Employer Alliance chairman Claire Chiang believes another way to make flexi-work a success is for companies to have a "work-family manager". This could be a person within the human resource division who studies the makeup of the company's staff and figures out what kind of flexibility different groups of staff might need, depending on their stage of life.
Relevant work-family programmes could be developed and ways found to make the workplace a more sensitive environment for employees to better integrate work and family needs.
If hiring a work-family manager is out of the question, the company could embed such practices into existing human resource policies, Chiang added.
For example, job interviews and annual appraisals could include questions about the employee's life circumstances, to find out whether he is undergoing any stress at home.
"For example, if you find out this person is taking care of a wife in depression, you can recommend that he shouldn't travel. Or this other person has a sick father - you can ask if he wants to have a more flexible schedule."
While these tips could be applied to many firms, there are some companies where flexi-work can be almost impossible to implement.
Take a hospital that has to be operational 24/7. Teleworking is not an option for most staff and, without a big enough pool of employees, the hospital would not be able to offer flexi-work options such as part-time work or job sharing.

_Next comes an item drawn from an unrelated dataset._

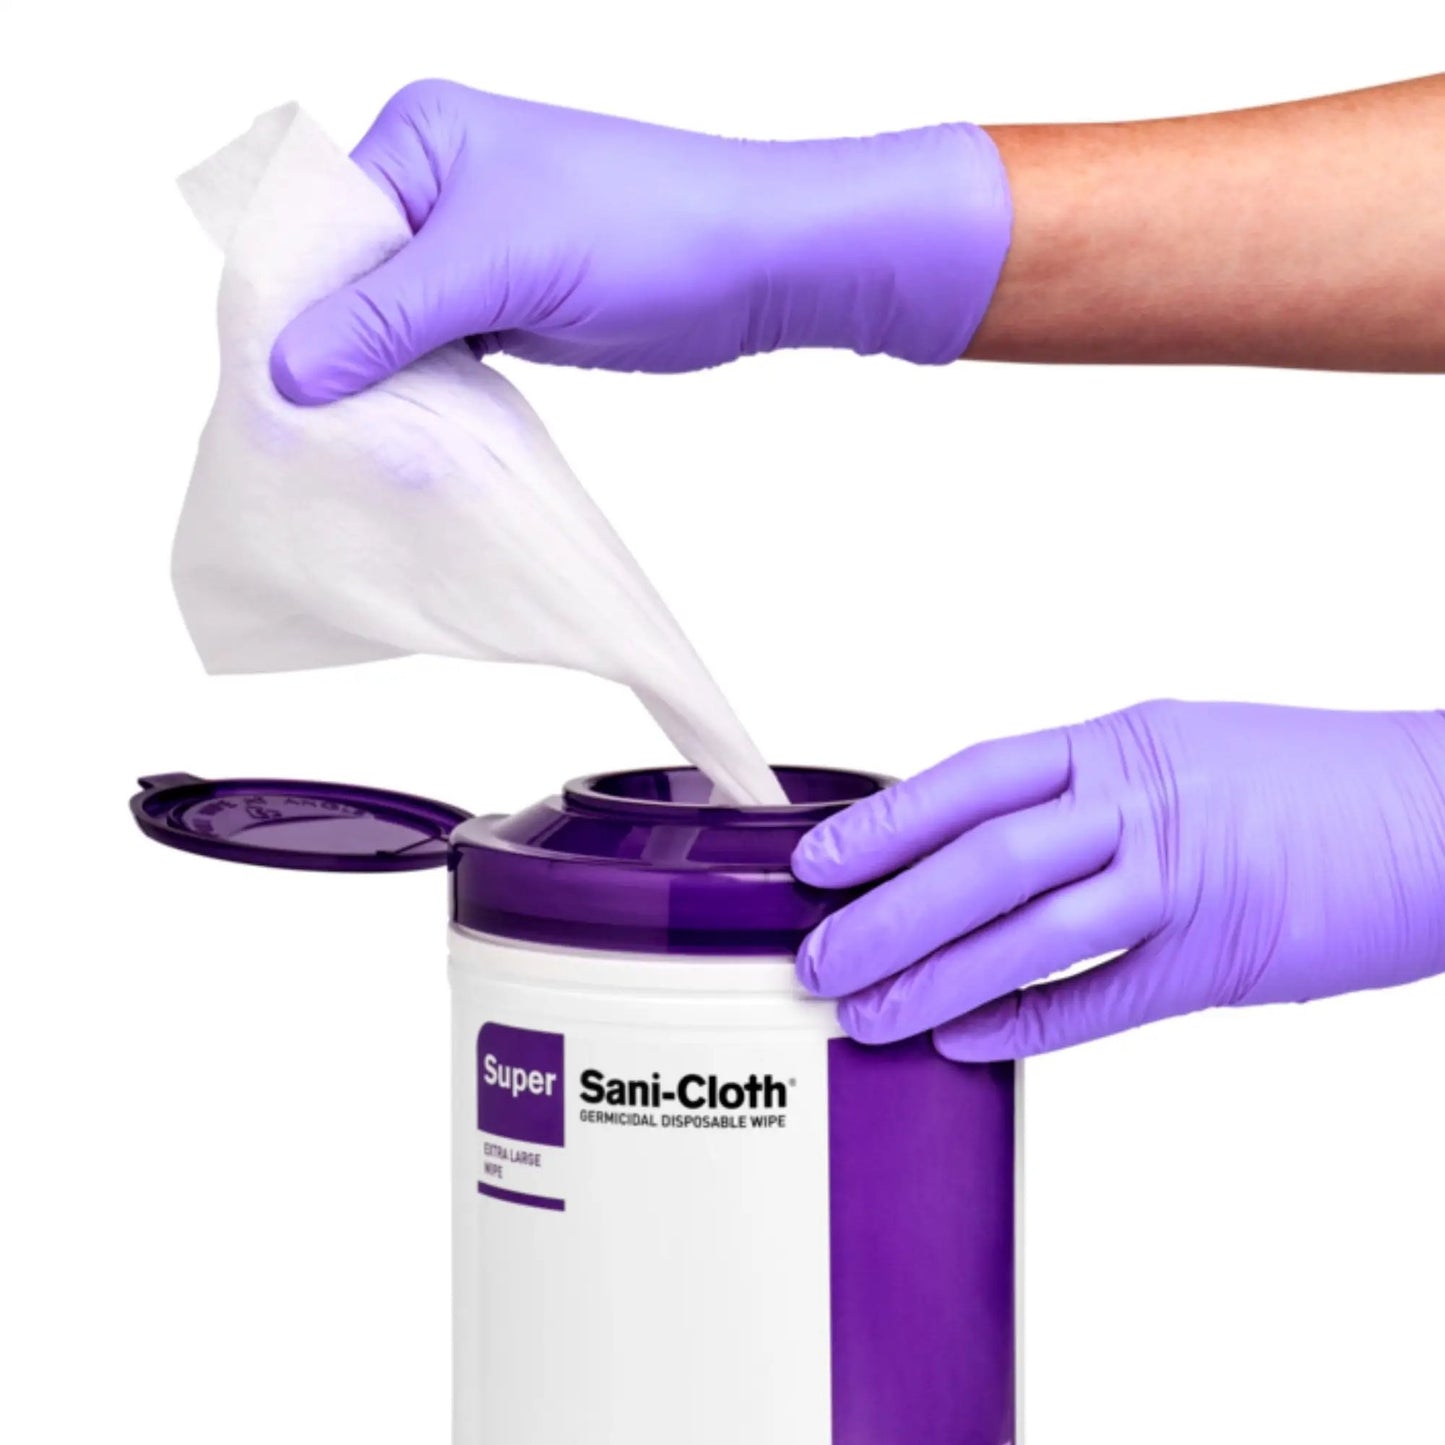 Super Sani-Cloth Surface Disinfectant Wipe, Large Canister 160 Count

Such firms may have limited options, but there is still much room for improvement for many others here, noted Foo Mee Har, MP for West Coast GRC and an advocate for work-life integration. "It's true that not all jobs can be made flexible, but there are so many more jobs in Singapore that could be done on flexi arrangements which are not. We are very far from the optimal level," she added.
NTUC holds flexi-work workshops for companies keen to learn more about flexi-work, Choo noted.
These free, four-hour workshops are being held each month until the end of the year.